- [PROBLEM TO WORK ON]: Transcribe the listing below exactly, leaving out each image.

====== DATA SHOWN ======

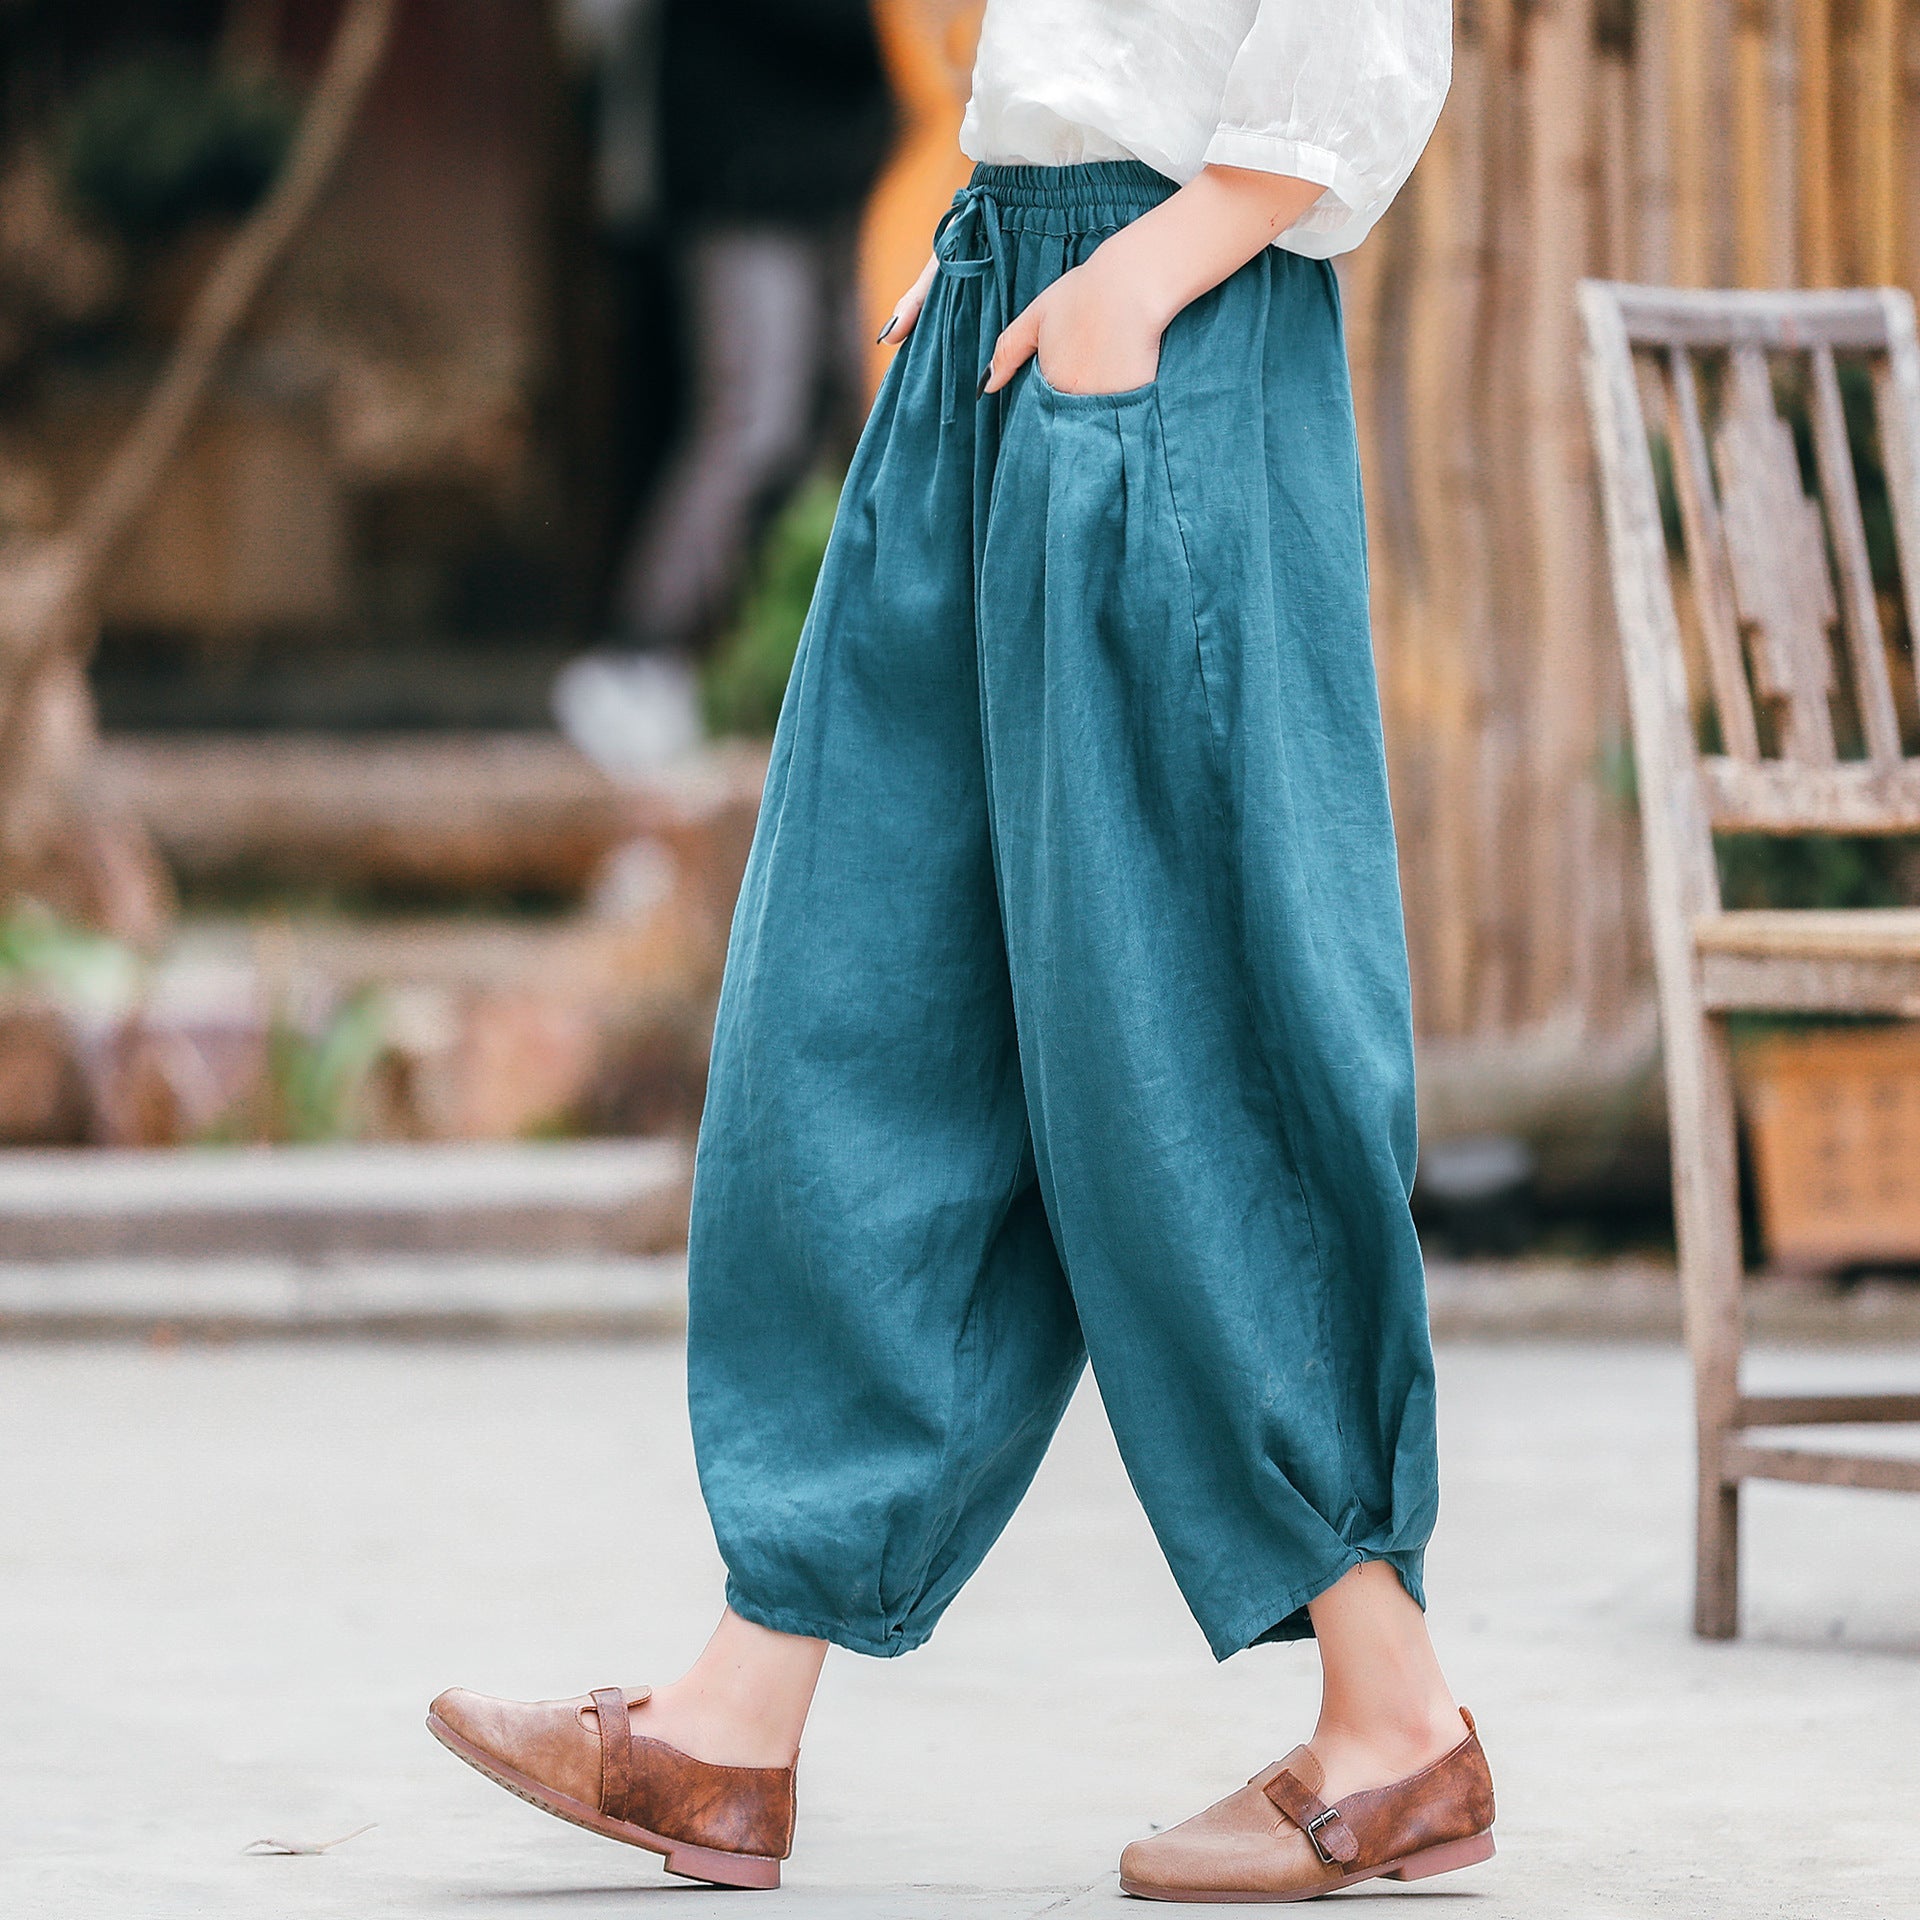 Ethnic Linen Elastic Waist Casual Pants for Women-Pants-White-One Size 45-65kg-Free Shipping Leatheretro
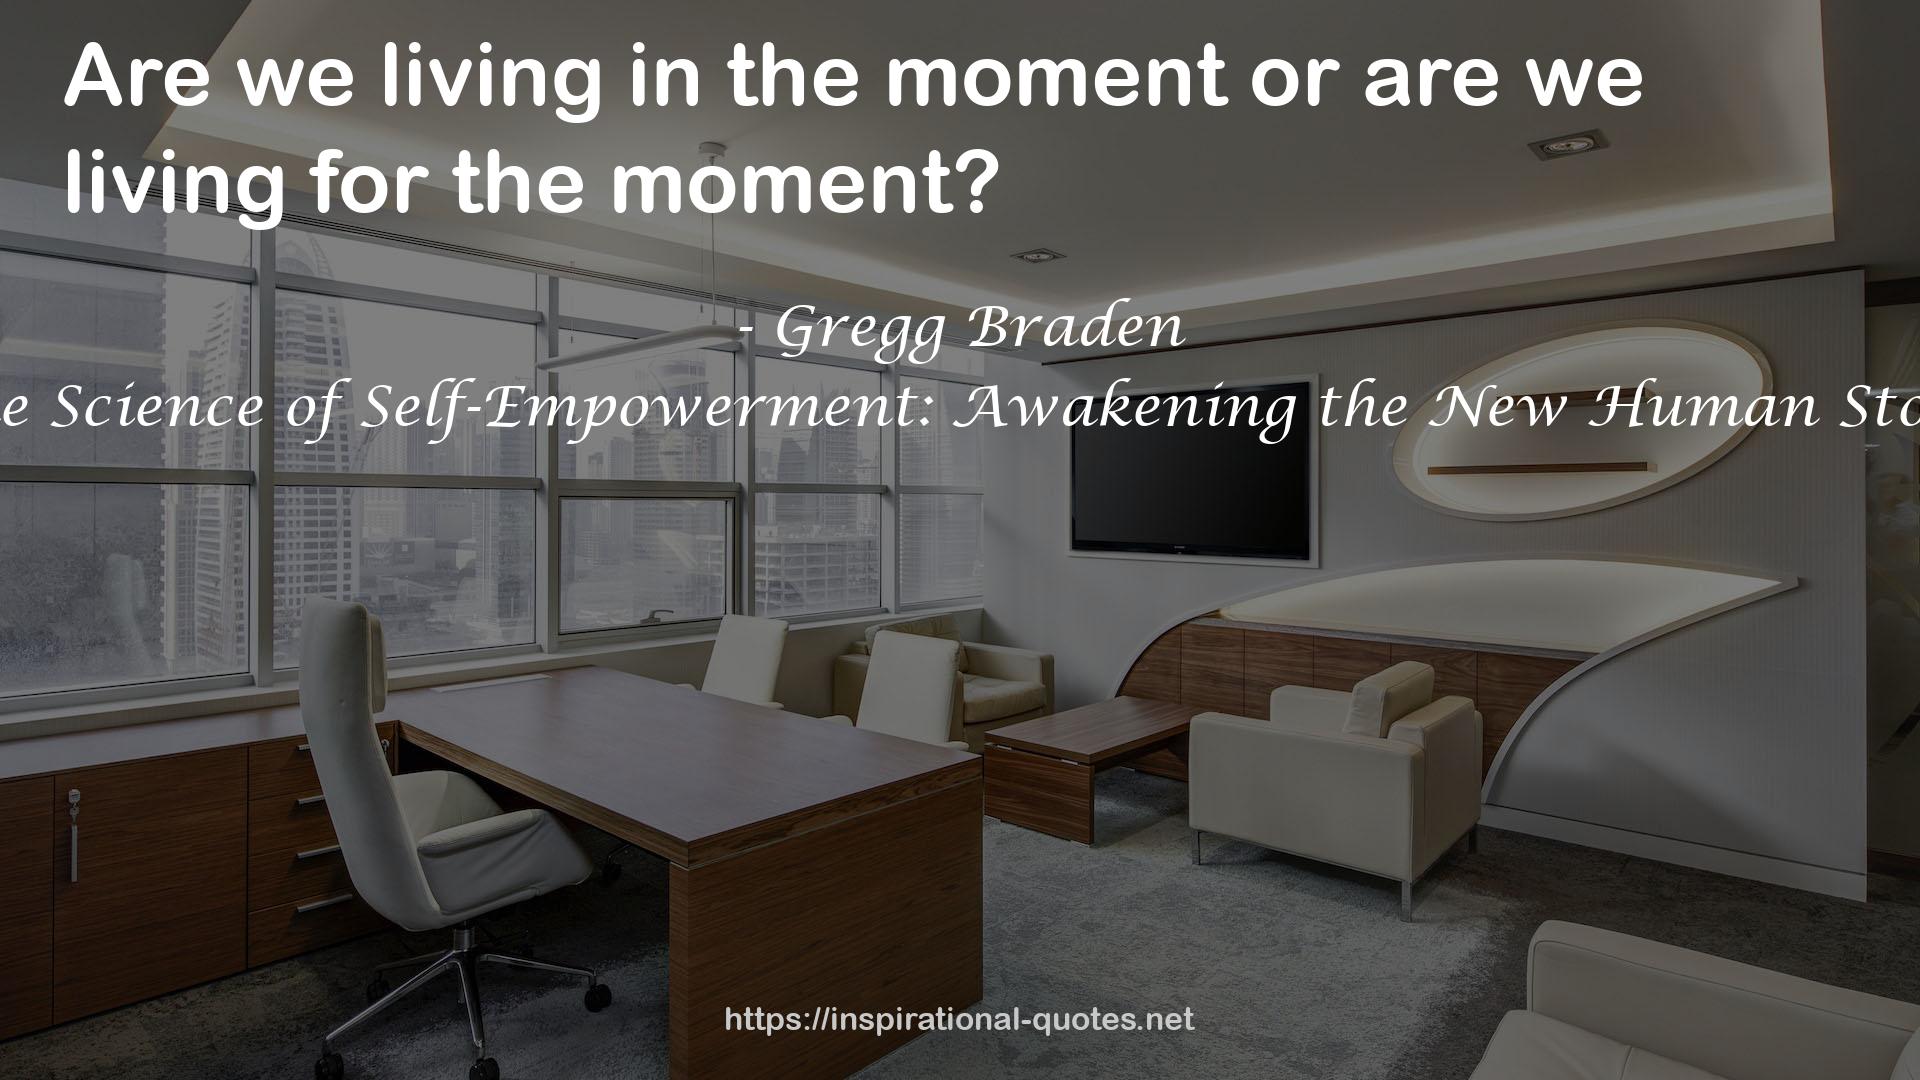 The Science of Self-Empowerment: Awakening the New Human Story QUOTES
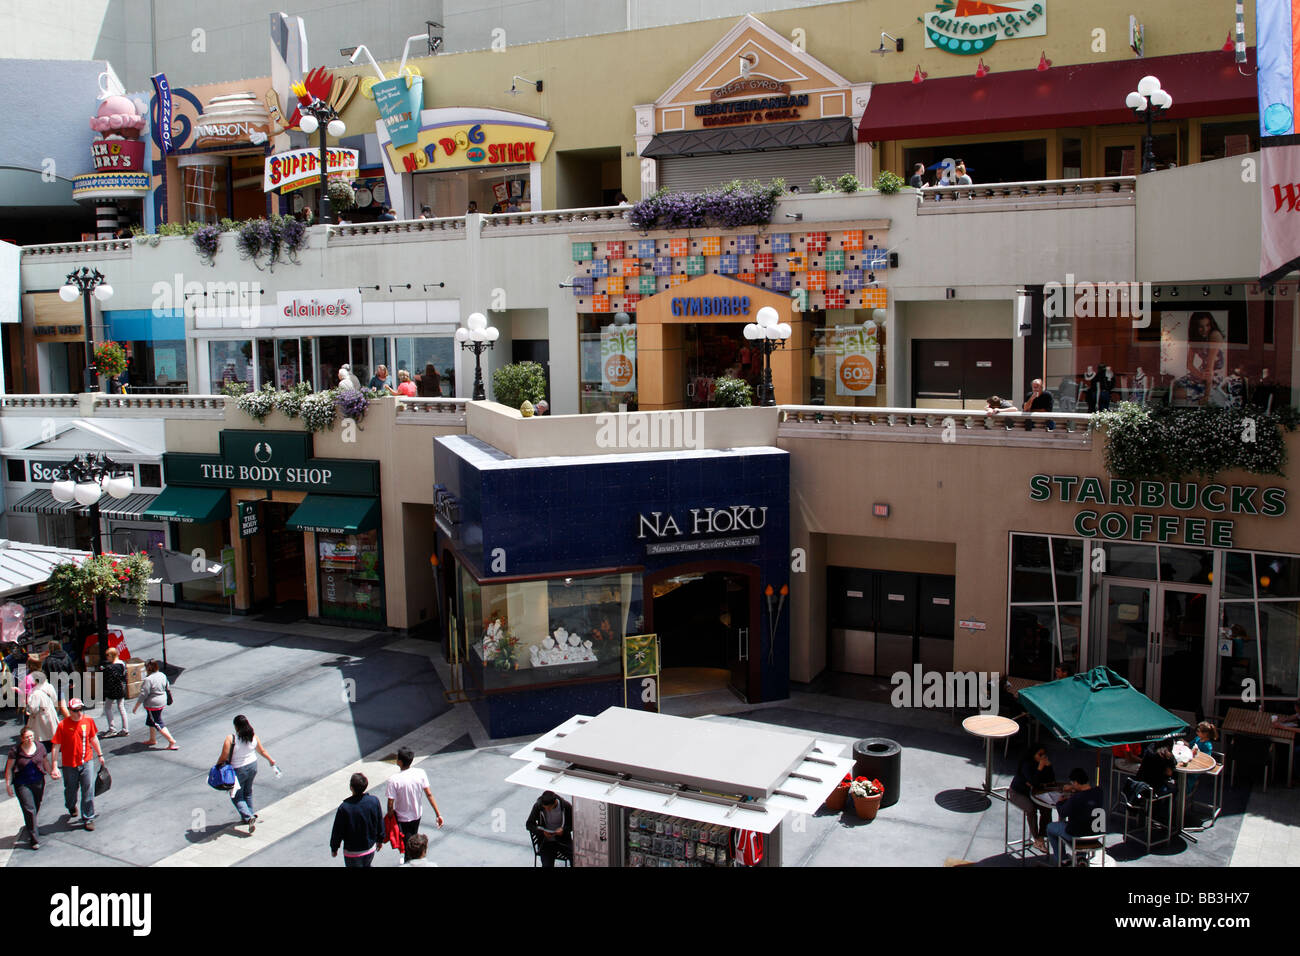 Horton Plaza shopping mall, San Diego, USA - outdoor and indoor shopping  precinct in heart of city Stock Photo - Alamy

======

- [WRITTEN RESPONSE]:
 Ethnic Linen Elastic Waist Casual Pants for Women-Pants-White-One Size 45-65kg-Free Shipping Leatheretro
 The Science of Self-Empowerment: Awakening the New Human Story QUOTES
 Horton Plaza shopping mall, San Diego, USA - outdoor and indoor shopping  precinct in heart of city Stock Photo - Alamy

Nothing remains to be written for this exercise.